The macro evaluation, also called total evaluation enables comparison of the performance of two translation systems or two versions of the same system. The micro evaluation, also known as detailed evaluation seeks to assess the improvability of the translation system.



The performance of a translation system is usually measured by the quality of its translated texts. Since there is no absolute translation for a given text, the challenge of the machine translation evaluation is to provide an objective and economic assessment.

Given the difficulty of the task, most of the translation quality assessments were based on human judgement in the history of MT evaluation. However, automatic procedures allow a quicker, repeatable, objective and cheaper evaluation.

Automatic MT evaluation consists in comparing the MT system output to one or more human reference translations. Human scores (manual evaluation) are assigned according to the adequacy, the fluency or the informativeness of the translated text.

In automatic evaluation, the fluency and adequacy of MT output can be measured by n-gram analysis.

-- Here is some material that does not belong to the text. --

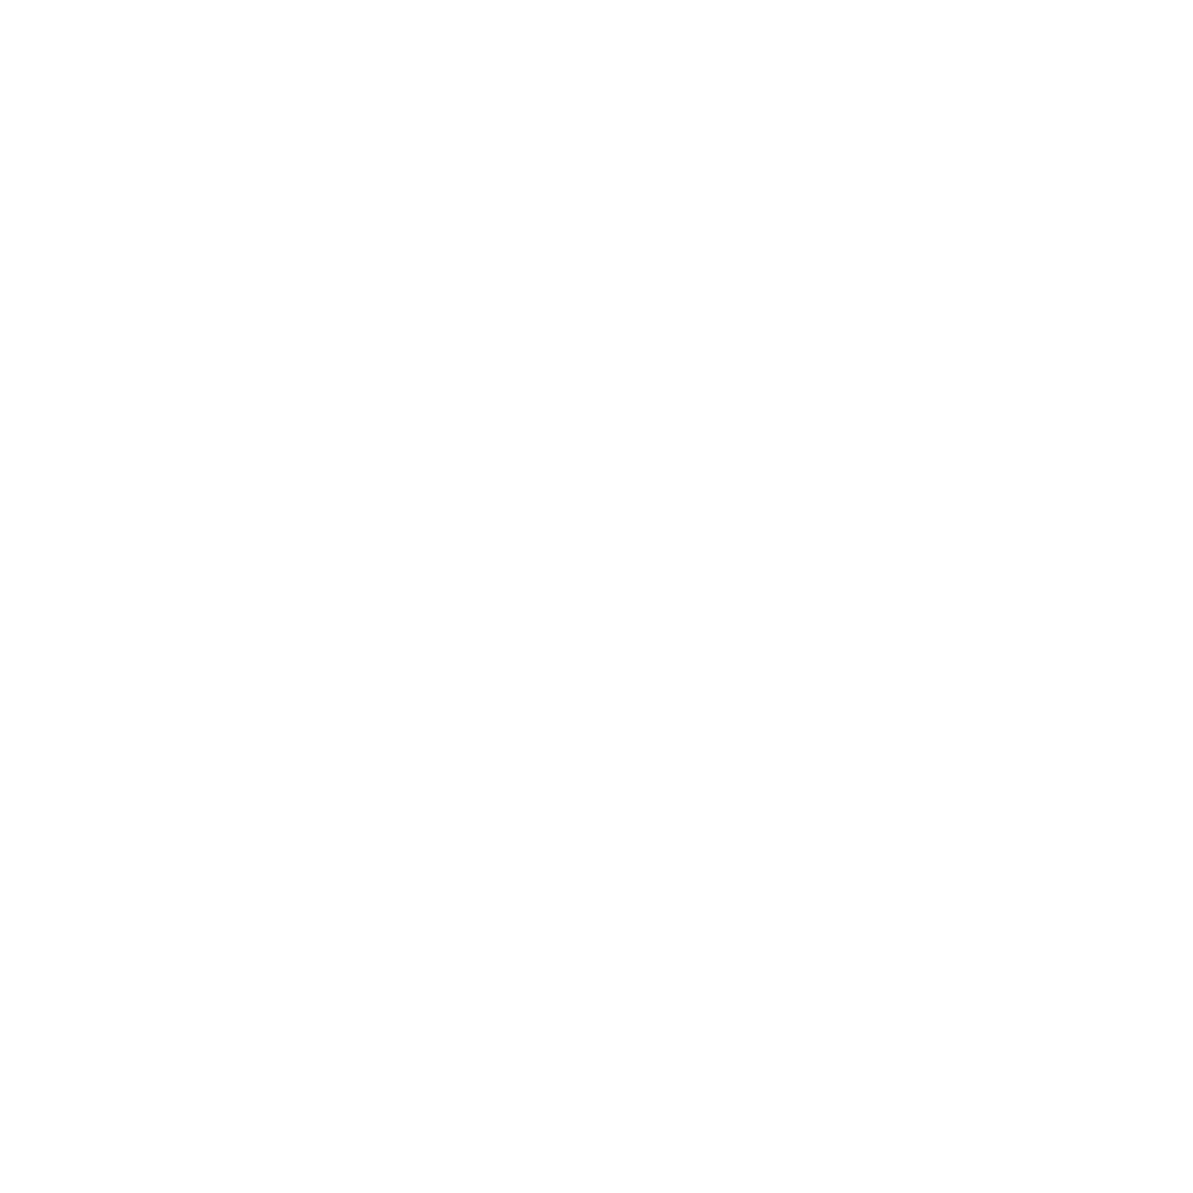 Dutch Ink Albums

Some of the most common automatic evaluation metrics are:

Metrics Description Reference
BLEU IBM BLEU for BiLingual Evaluation Understudy is an n-gram co-occurrence scoring procedure. (Papineni et al., 2001)
NIST A variation of BLEU used in NIST HLT evaluation (Doddington, 2002)
EvalTrans Tool for the automatic and manual evaluation of translations (Niessen et al., 2000)
GTM General Text Matcher based on accuracy measures as precision, recall and F-measure (Turian et al., 2003)
mWER Multiple reference Word Error Rate is the average number of MT system output and several human reference translation (Niessen et al., 2000)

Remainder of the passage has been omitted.